Chemguide: Support for CIE A level Chemistry


Learning outcome 11.3(b)

This statement is about drug delivery - getting medicinal drugs to where they are needed in the body.

Before you go on, you should find and read the statement in your copy of the syllabus.


Background

There is much better evidence for what CIE expect in this topic than in the previous one about the design of drugs. Up to the time of writing (August 2013), this had been asked four times - either as a full question or a major part of a question.

Giving drugs by mouth or by injection

There are various reasons why it can be better to inject drugs directly into the blood rather than take them by mouth. You get a faster response, the patient doesn't have to be conscious, and you can use smaller doses.

The reason for the use of smaller doses is that the drug doesn't have to find its way through hostile environments such as the acidity of the stomach before it can be absorbed into the blood. Damage to the drug molecules at very low pH is the main reason why it is better to give some drugs by injection.

There are two common groups occurring in drugs which are hydrolysed under acidic conditions - esters and amides.

It is important that you can recognise these groups in a skeletal structure for a drug. You could expect to be asked to circle two different groups in a drug molecule which could be hydrolysed in the digestive system.

One of those drugs was Taxol, and I will use that as an example because I already have a suitable diagram.

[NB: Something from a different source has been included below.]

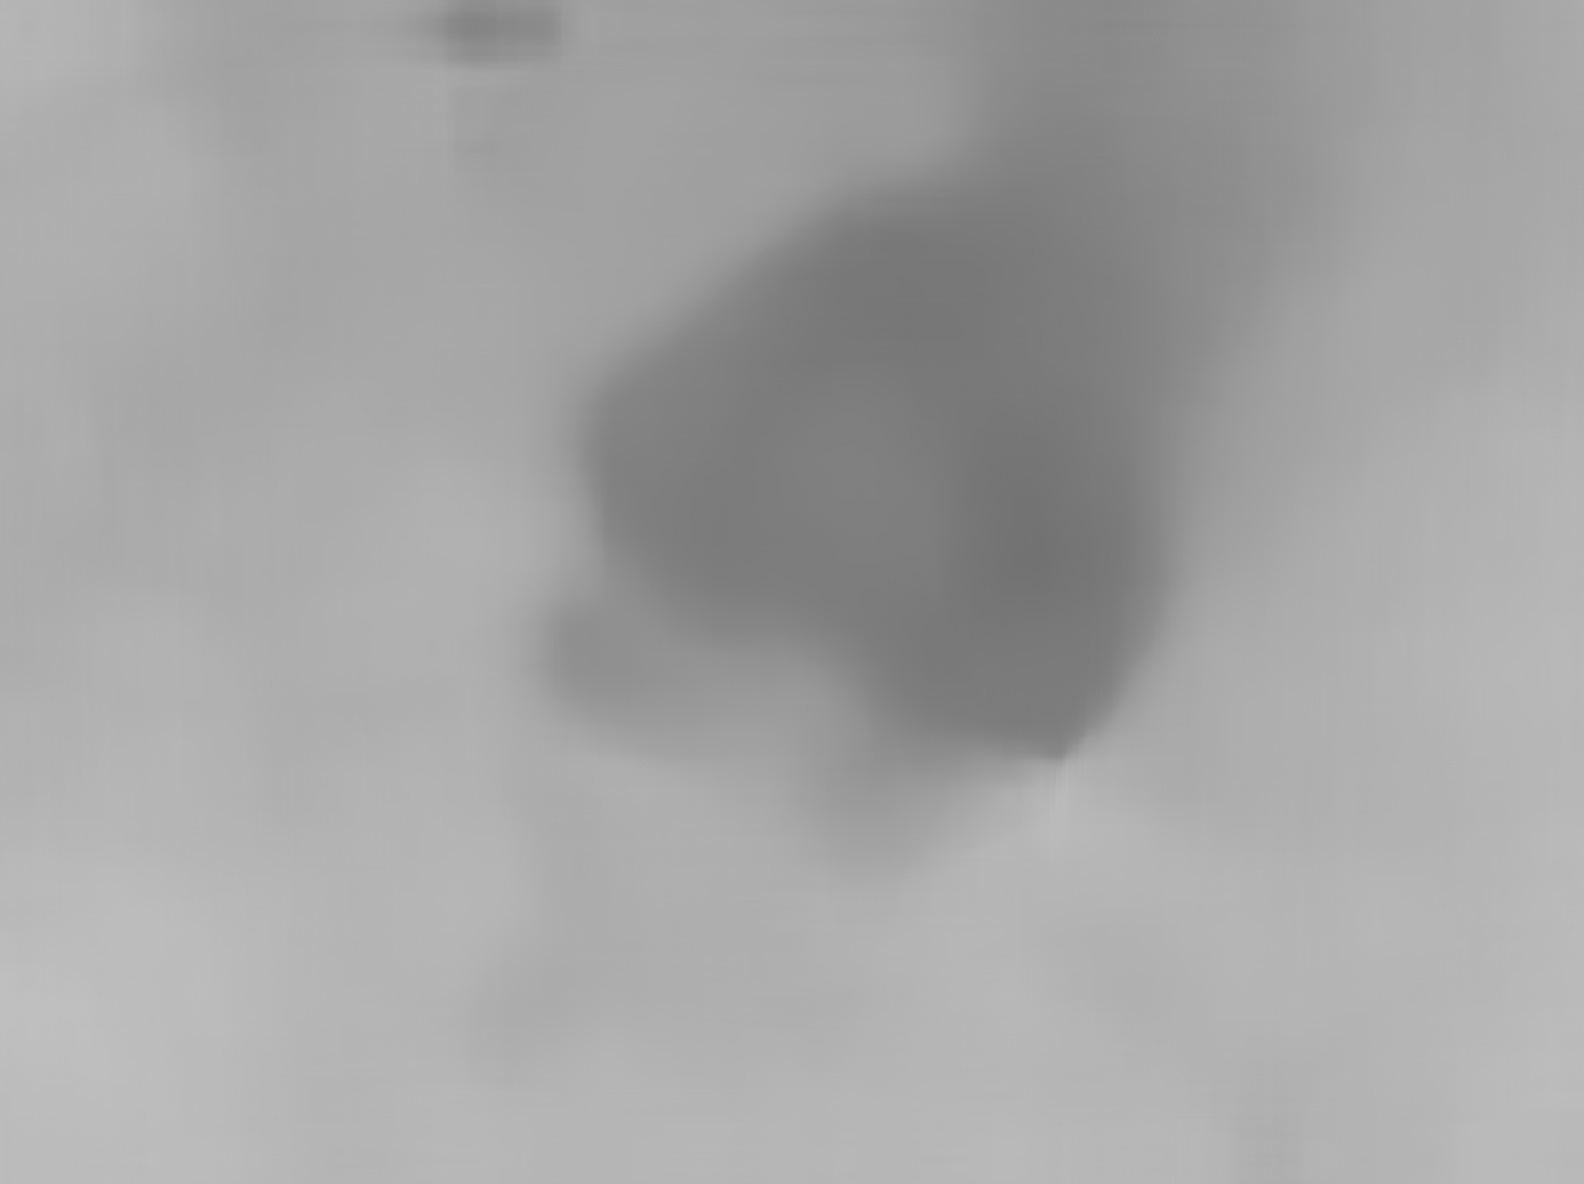 Nasa's Mars rover Curiosity acquired this image using its Mars Hand Lens Imager (MAHLI) on Sol 1577

Taxol has one amide group and four ester groups. Remember that amide and ester groups look like this:

Before you read on, find them in the Taxol structure:

Although CIE actually asked you to draw a circle around each sort of group, in their mark scheme they actually showed particular bonds being circled. They did, though, say that whole groups being circled was allowable.

To my way of thinking, if a questions asks you to circle a group, then that is exactly what you should do - otherwise you aren't answering the question, and risk losing marks. It is actually easier to identify and circle the group anyway, because you don't have to worry about exactly which bond in the group is being broken.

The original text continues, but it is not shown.